Atlas requires models with tool calling (function calling) support. The agent loop depends on executeSQL and explore tools — models without tool calling cannot run Atlas queries. See the compatibility matrix for tested models.


Quick Start

The fastest way to run Atlas with a local model:

# 1. Install and start Ollama
curl -fsSL https://ollama.com/install.sh | sh
ollama pull llama3.1:8b

# 2. Configure Atlas
ATLAS_PROVIDER=ollama
ATLAS_MODEL=llama3.1:8b
OLLAMA_BASE_URL=http://localhost:11434/v1

# 3. Start Atlas
bun run dev

Or use Docker Compose for a fully containerized setup:

# From repo root — starts Atlas + Postgres + Ollama
docker compose -f examples/docker/docker-compose.ollama.yml up

Providers

Atlas supports two provider modes for self-hosted models:

ollama — Ollama preset

Preconfigured for Ollama's default endpoint.
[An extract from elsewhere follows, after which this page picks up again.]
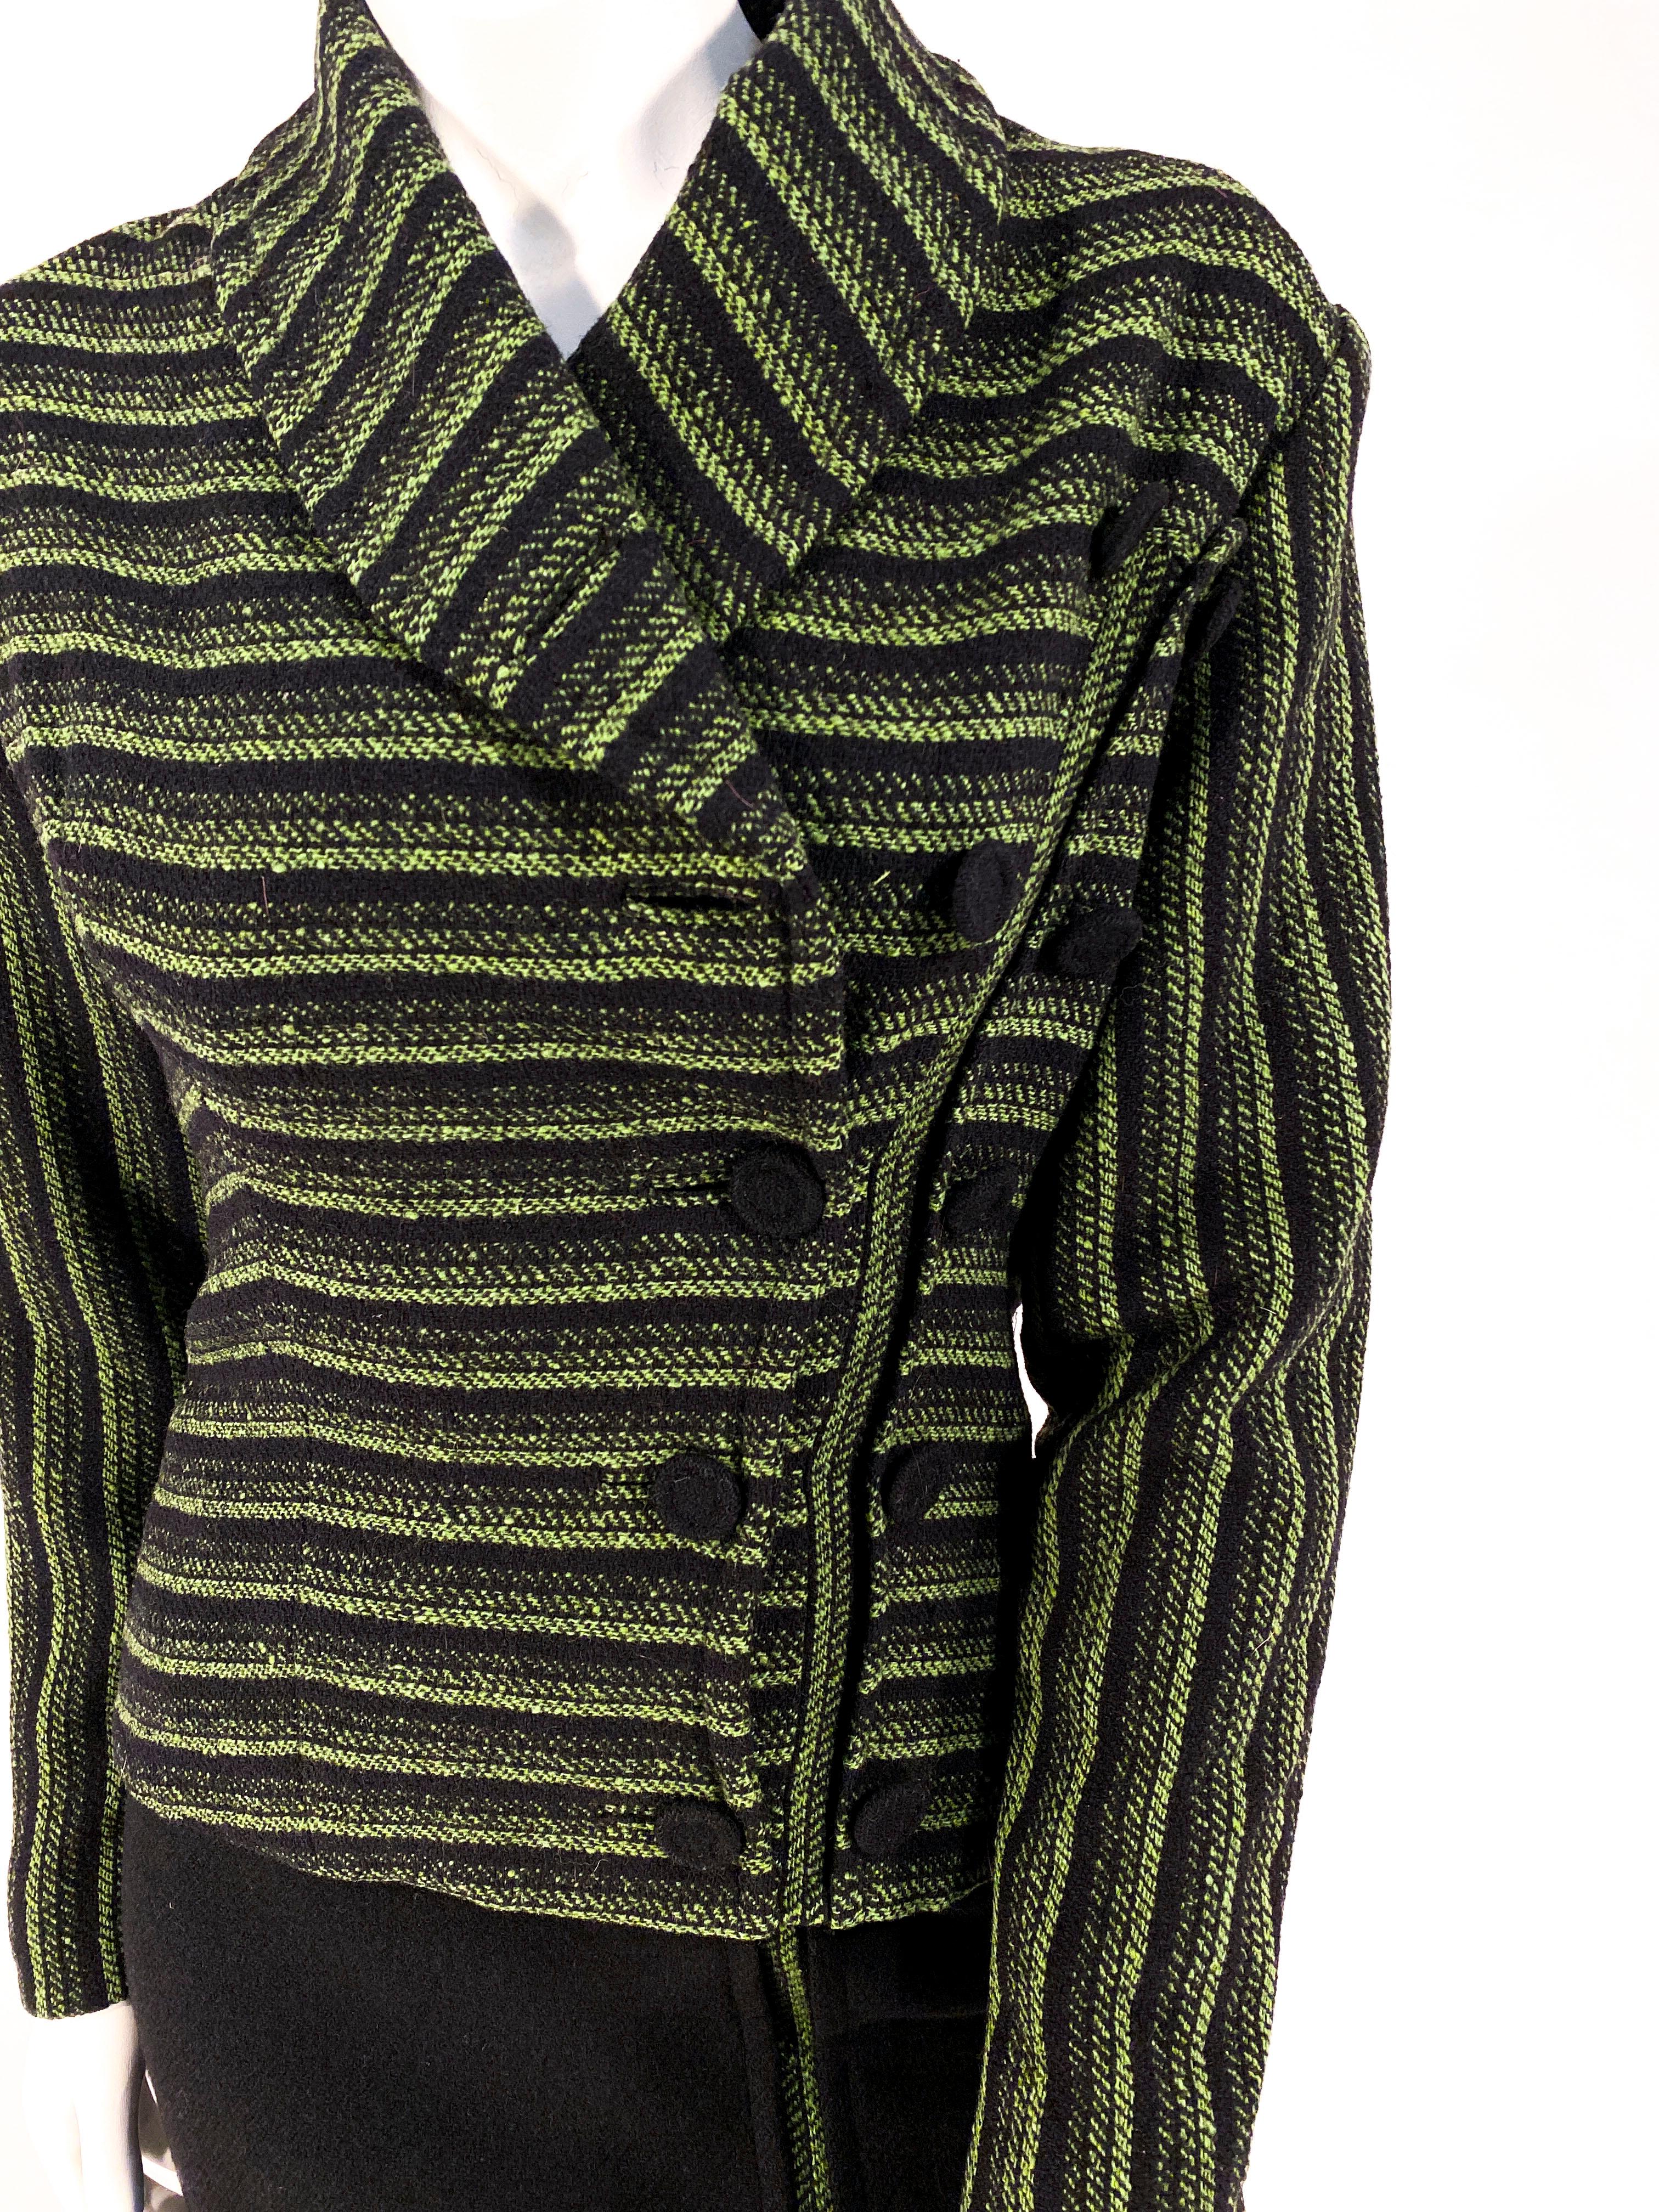 1950s Green and Black Wool Suit For Sale 2

No API key needed.

ATLAS_PROVIDER=ollama
ATLAS_MODEL=llama3.1:8b
# Optional: override if Ollama is on a different host
OLLAMA_BASE_URL=http://localhost:11434/v1

openai-compatible — Any OpenAI-compatible server

Works with vLLM, TGI, LiteLLM, LocalAI, and any server that implements the OpenAI Chat Completions API with tool calling.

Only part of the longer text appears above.